Vatican says Pope didn’t mean to call homosexuality a mental illness
The Vatican has corrected Pope Francis’s comments in which he said parents should take gay children to a psychiatrist.
The head of the Catholic Church made the comments while on the plane back from his fractious visit to Ireland.
While speaking to journalists, he was asked what he would say to a father whose son came out as gay.
He responded: “I would say first of all to pray – then, to not condemn, to talk, to understand, to make space for the son or daughter.
“Then, it depends on the age… it is one thing if it’s manifested in children, there are many things one can do with a psychiatrist.”

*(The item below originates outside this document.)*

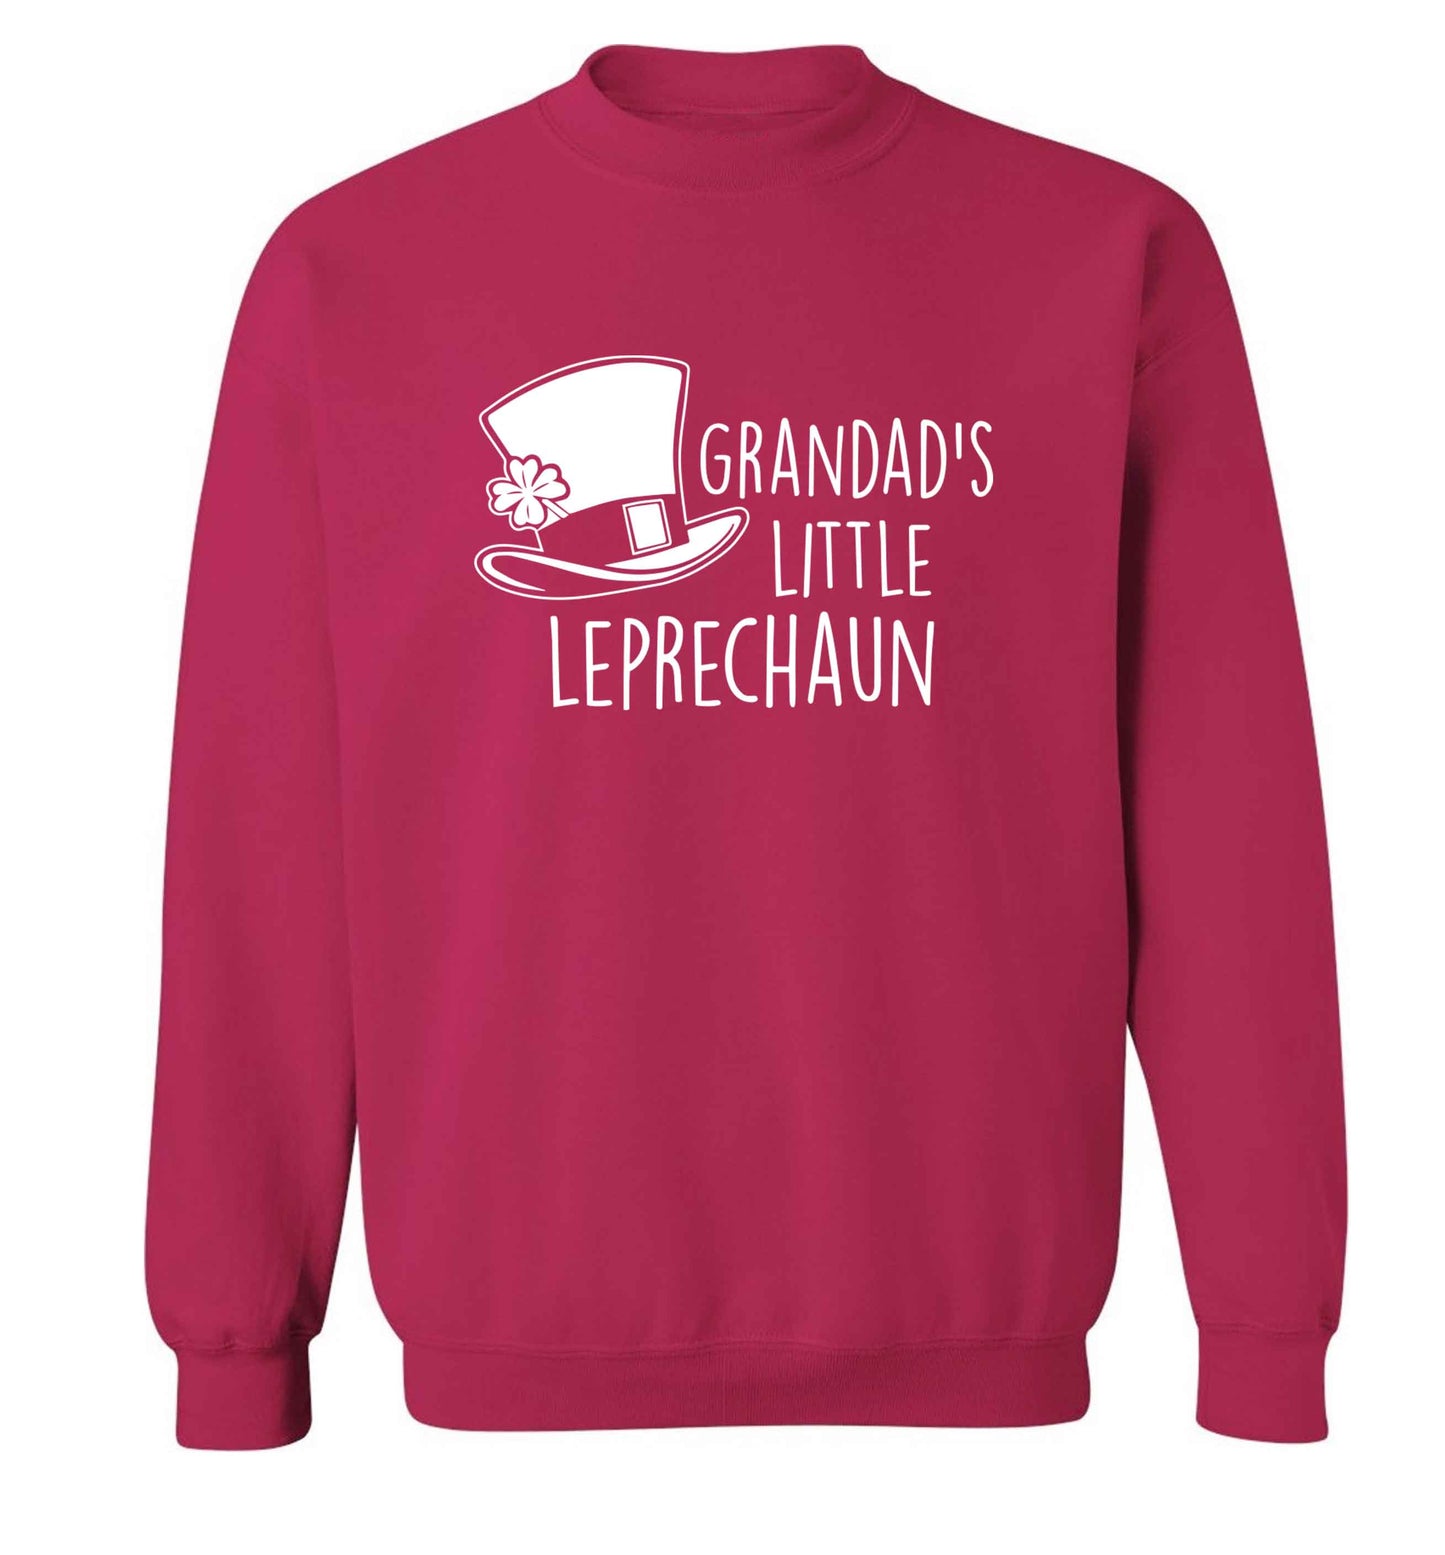 Grandad's little leprechaun adult's unisex pink sweater 2XL

He added: “To ignore a son or daughter with homosexual tendencies [shows] a lack of fatherhood or motherhood.”
The Vatican has now removed the pontiff’s reference to psychiatry from its account of the interview, according to AFP.
A spokeswoman said: “When the Pope referred to ‘psychiatry’, it is clear that he was doing so to highlight an example of ‘things that can be done.’
“But with that word he didn’t mean to say that (homosexuality) was a ‘mental illness.'”
The Oxford English Dictionary defines psychiatry as “the study and treatment of mental illness, emotional disturbance, and abnormal behaviour.”
Pope Francis has earned a reputation as a moderniser, but critics accuse him of failing to turn words into actions, given the Catholic Church’s poor record on LGBT+ rights across the globe.
Ireland’s Taoiseach (Prime Minister) Leo Varadkar called for acceptance of LGBT+ families during his visit, following reports that the World Meeting of Families attended by the Pope had blocked participation from Catholic LGBT+ groups and censored depictions of same-sex parents in events literature.
In his speech before the Pope, Varadkar emphasised that Ireland was no longer beholden to Catholic teachings.
He said: “The Ireland of the 21st Century is a very different place today than it was in the past. Ireland is increasingly diverse.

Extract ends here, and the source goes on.